The battle cry guns or butter conveniently allowed the Nazis to co-opt all resources for armies and armaments, and we know how the story ended. The Soviet Union was the next to try, bombastically banking on an enormous military and nuclear arsenal while its people stood in breadlines in thread bare coats. It could have been the stuff of comedy but it wasn’t funny. Besides, even though the empire eventually imploded, what remains of Russia seems to be trying it again. It is still the rage of North Korea. Perhaps that's why it is not the popular tourist destination a buttery country like Italy is. People with their druthers have the damnedest habit of sticking to the humanity stuff.

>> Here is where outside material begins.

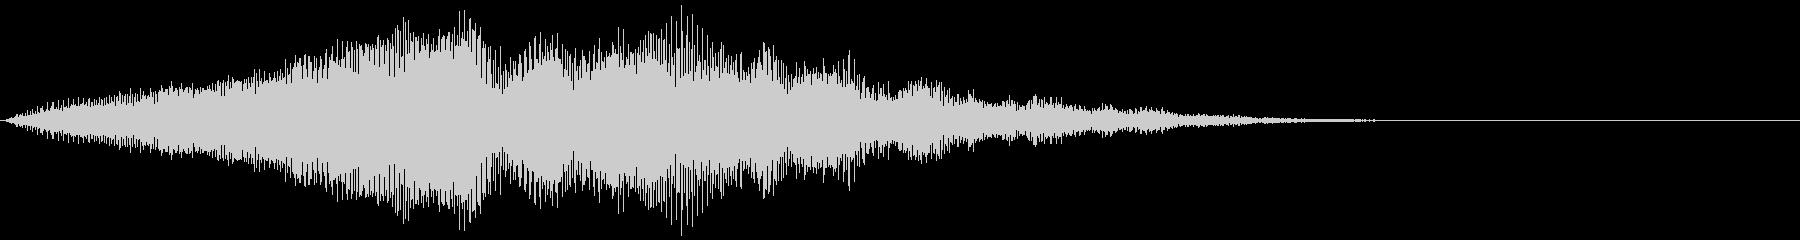 CINEMATIC AMBIENT_03の未再生の波形

Anybody who thinks guns or butter wasn’t lifted out of the economic textbook into America’s political reality must have been on the moon during the Reagan years when social services were eliminated, suffocated or strangled to free up welfare money for the defense contractors who supported the actor's candidacy. Reaganomics is guns or butter. So too was the high testosterone Cheney government, for which the election of 2000 was hijacked. Don't just look at how that man spent his spare time shooting living creatures. Look at the spending record. Gazillions of dollars paid for war machines and whatnot in Iraq while the homefront—schools, a safe food supply, bridges—fell apart from lack of attention. Conscientious objectors were spied upon or persecuted, women’s rights eroded. The governor of California pompously called those not in favor of his spending priorities “girly men.” Remember all the emphasis on “lean and mean” as opposed to “fat and happy?”
Now here comes Barack Obama trying to butter up the nation with his stimulus to build schools, roads, solar panels and organic food—enriching the country as we go, and Republican congressmen, especially from southern California, go on television to rebuff him. And what's the problem? They complain money allocated for the arts and pre-school education is an egregious waste of money when what America really needs to be strong again is more missile systems and stealth bombers. So there it is: guns or butter? I guess some Americans want their karmic fate this earth ox year to be coal, salt or chili. They would have found a year of butter misfortune in the soup.
~Sandy Garson
"Wordsmithing to attest how the Dharma saved me from myself!"